賑やかな子どもたちが眠った後は、いよいよ自分だけの時間。このときは、家事や仕事のことは一切考えないようにしています。子育てをしている期間のママにとって、「自分の時間」は、なんとなく生まれるものではありません。「絶対にこの時間はオフにする!」という強い意志が必要です。毎日ではありませんが、「今日は疲れたな」という日は、キャンドルの光をただ見つめるという癒しの時間をつくっています。炎の揺らぎをぼ~っと見つめていると、自然と自分自身に意識を集中するので、頭の中を整理できてスッキリします。今やるべきことをこなしつつ、同時に少し先のことにも意識を向けながら日々を回す忙しい子育てママにとって、何かしらの儀式で1日の終わりにリセット時間をつくることはおすすめです。日々の「リセット」が重要なのは、片付けや収納と似ていますね。

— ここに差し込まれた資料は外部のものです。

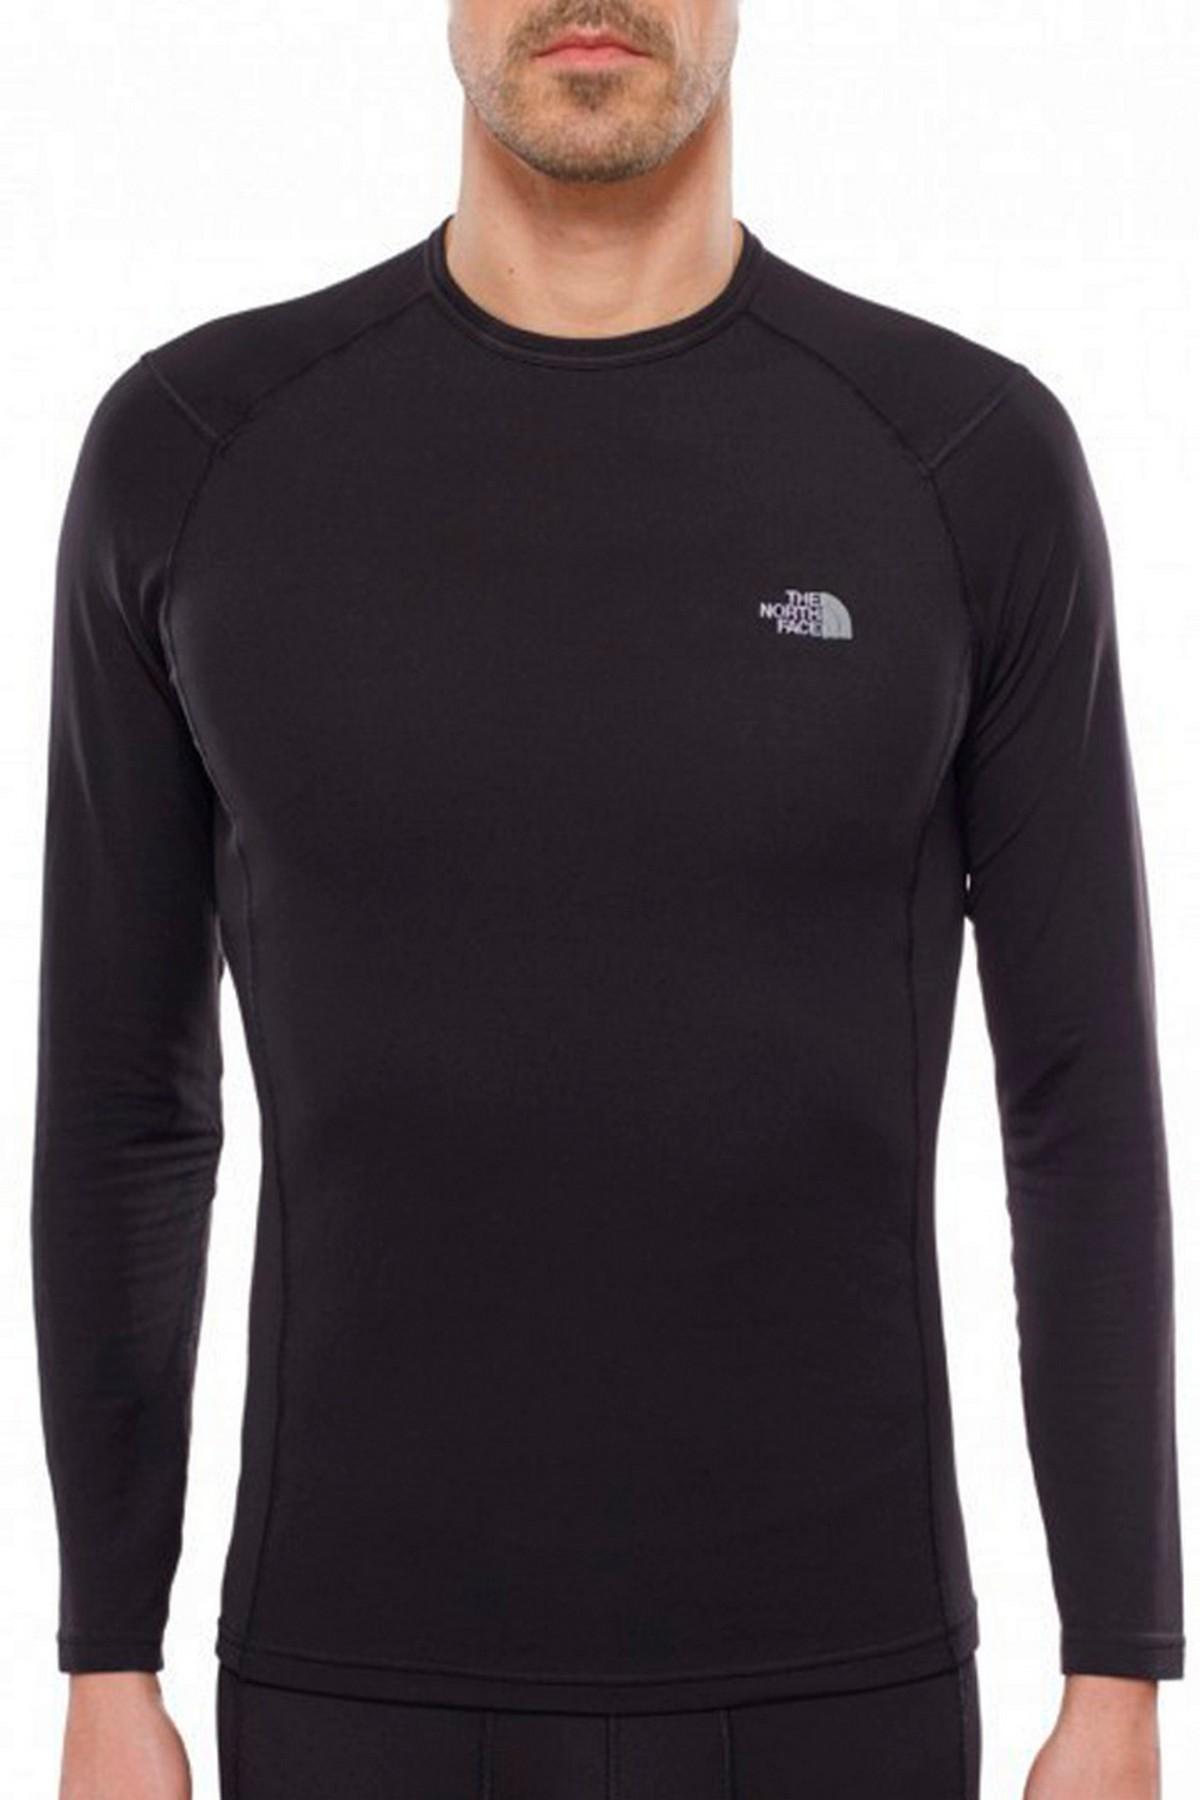 The North Face M Warm Long Sleeve Erkek İçlik Siyah (T0C209JK3)

夫婦が別々に自分の趣味の時間を持つことで、相手を労わる気持ちに

リビングの隅に設置した本棚は、夫のお気に入りの漫画と、わたしの今読みたい本を集めたコーナーです。子どもたちが眠ってからの数時間は、夫婦それぞれが思い思いに好きなことをして過ごす時間にしています。お互いに干渉しない自由な時間は、自分の趣味に没頭できる貴重な時間です。「好きな漫画は夜に読めるから」と、日中は夫も家のことを進んで協力してくれるようになりました。また、わが家のテレビは、観るときだけクローゼットから出すシステムなので、なんとなくダラダラとテレビを観てしまう時間はありません。わたしも好きな雑誌や本を読んだり、なにもしないという心の贅沢を楽しんだり、自分だけの時間を大切にしています。

さいごに

今回は、「本多さおりさんに学ぶ、こどもの収納」全6回連載の最終回です。これまで、本多家をお手本にして、収納アイテム選びのコツや、ものを眠らせない収納テクニック、ワンアクションで出し入れできる工夫など、育児と家事を手助けしてくれる収納法を学んできました。収納のしくみを「今」に合ったスタイルに変えることで、家族みんなが心地よく過ごせるスペースに生まれ変わります。そして、そこにママのやさしい笑顔があれば、こどもにとって一番幸せな場所になるはずです。